I came across Dimdim the other day. Dimdim is a SaaS based web meeting offering that allows all the services the more expensive enterprise level web conferencing offerings. Dimdim includes;
- desktop sharing
- slide sharing
- unified communications
- integration with CRM systems
Open and Free
Unlike many installed offerings which tend to both be closed and expensive, Dimdim have offered their software both via SaaS and as an installable open source version. Their SaaS offering is provided at no charge and has API’s providing for feature extensibility. The free version is limited to 20 users which makes it sufficient for most small business presentations. Users need to install a web-meeting add on – I tried it with both explorer and Firefox without a hitch
Paid versions
For users needing the ability to host more individuals, Dimdim pro is available as a subscription service at a very reasonable $99/year. Dimdim pro scales up to 100 participants in a meeting room.
Coolness for everyone…
Dimdim’s offering makes lots of friends. For big companies it can save a heap of cash over their current Webex or GoToMeeting spend. For smaller businesses it allows professional looking web conferencing cheaply (or freely) and for the open saucies out there it gives away its open source base, hoping that the open source use will grow the user base virally.
Dimdim picked up $6mill of funding last week so expect bigger and better things from them in the months ahead.
I have been using DimDim for the last two months now. With me, living in India, and my main associate in Belgium, collaboration tools are very important.
Many times, DimDim has proven to be a really good tool. I was really happy when I read the news about the funding.
In my original post, Steve Chazin (Chief Marketing Officer at DimDim) left this comment :
“We’re working hard to make Dimdim even easier and more powerful. Hotmail made email free. Skype made phone calls free. With Dimdim, now the world can meet freely.”
It is ambitious and I am a big fan.
Great tool, saw their pitch on Demo.com a while back.

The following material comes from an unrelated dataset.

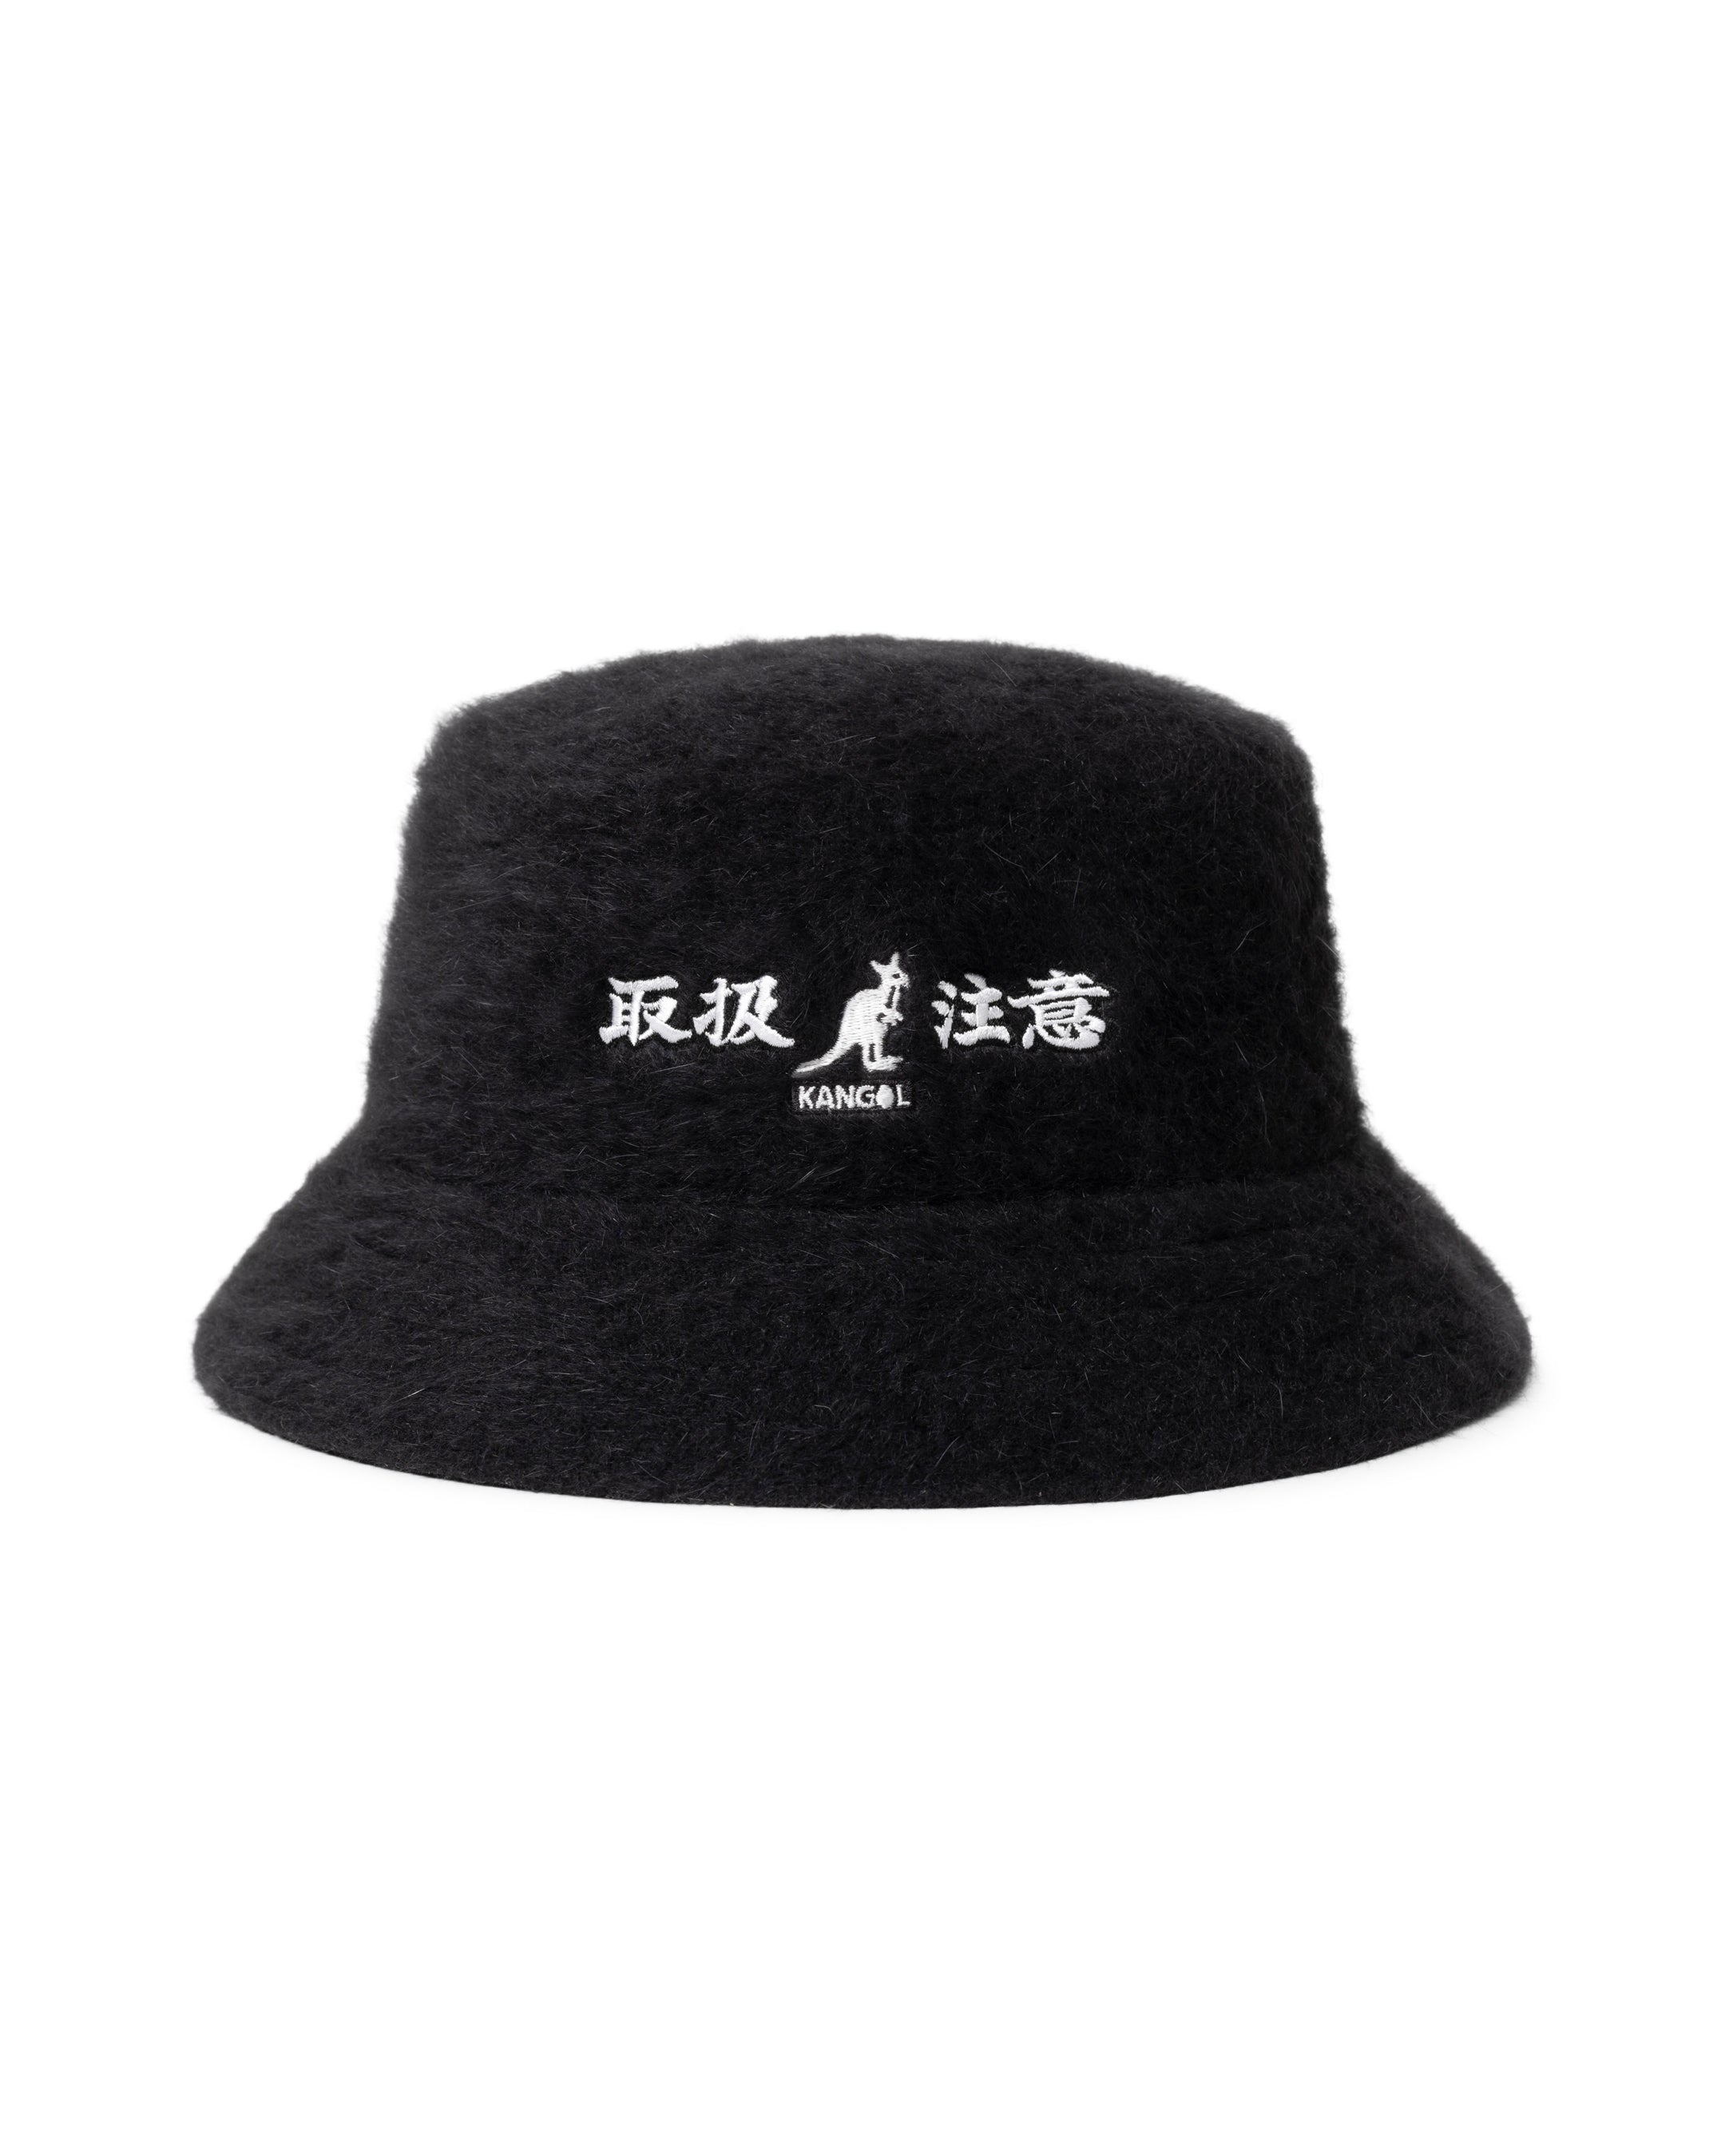 HATS – BlackEyePatch

The integration features with a product like this will really help extend its reach. We have been looking at mashing it in to Litmos as web meetings go great with online training.
Hi Ben,
I would like to suggest our SaaS online meeting tool: Mikogo http://www.mikogo.com
Mikogo is a free screen sharing tool perfect for online meetings, remote tech support, Web presentations, distance learning, webinars, and more. Mikogo is completely free for all to use. No limitations or trial periods.

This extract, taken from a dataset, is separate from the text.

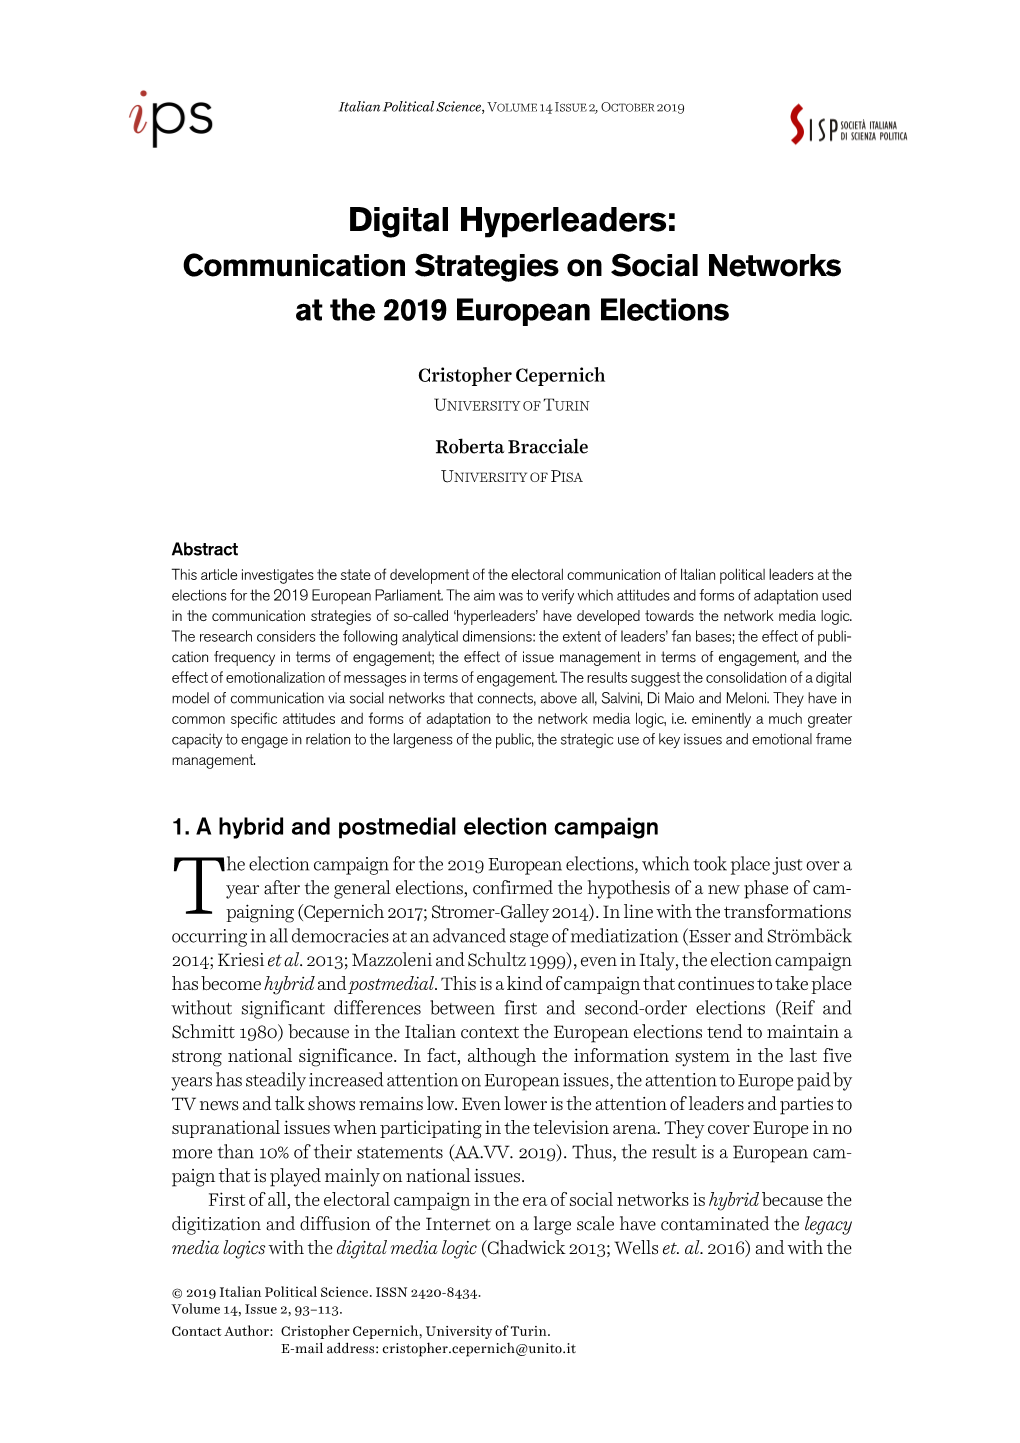 Digital Hyperleaders: Communication Strategies on Social Networks at the 2019 European Elections

Such a free alternative is perfect for small businesses (who need a meeting solution for customer support, product demos, Web conferences etc, that won’t break the budget) or private users (who just want to collaborate over the Web or help out friends/family with tech problems).
All features are free and include:
screen sharing with up to 10 participants
application selection and sharing
switch presenter
remote keyboard and mouse control
file transfer
256 bit AES encryption
Skype Extra: providing free calls with free screen sharing combined
and more…
Take a moment to visit our website and consider Mikogo. Please feel free to contact me and let me know what you think of Mikogo. It would be great to hear back from you.
Look forward to hearing from you.
Cheers,
Andrew
The Mikogo Team
andrew(at)mikogo.com
Great article. DimDim is an open source quality web conferencing tool, but unfortunately it’s closed now. WebEx and Gotomeeting are two quality web conferencing services; however, they are expensive as compared to others. If you want something cheap, the try using GoMeetNow, which costs only $12.95 / month, next to free. Another alternative is deploying on premise web conferencing appliance such as RHUB appliances.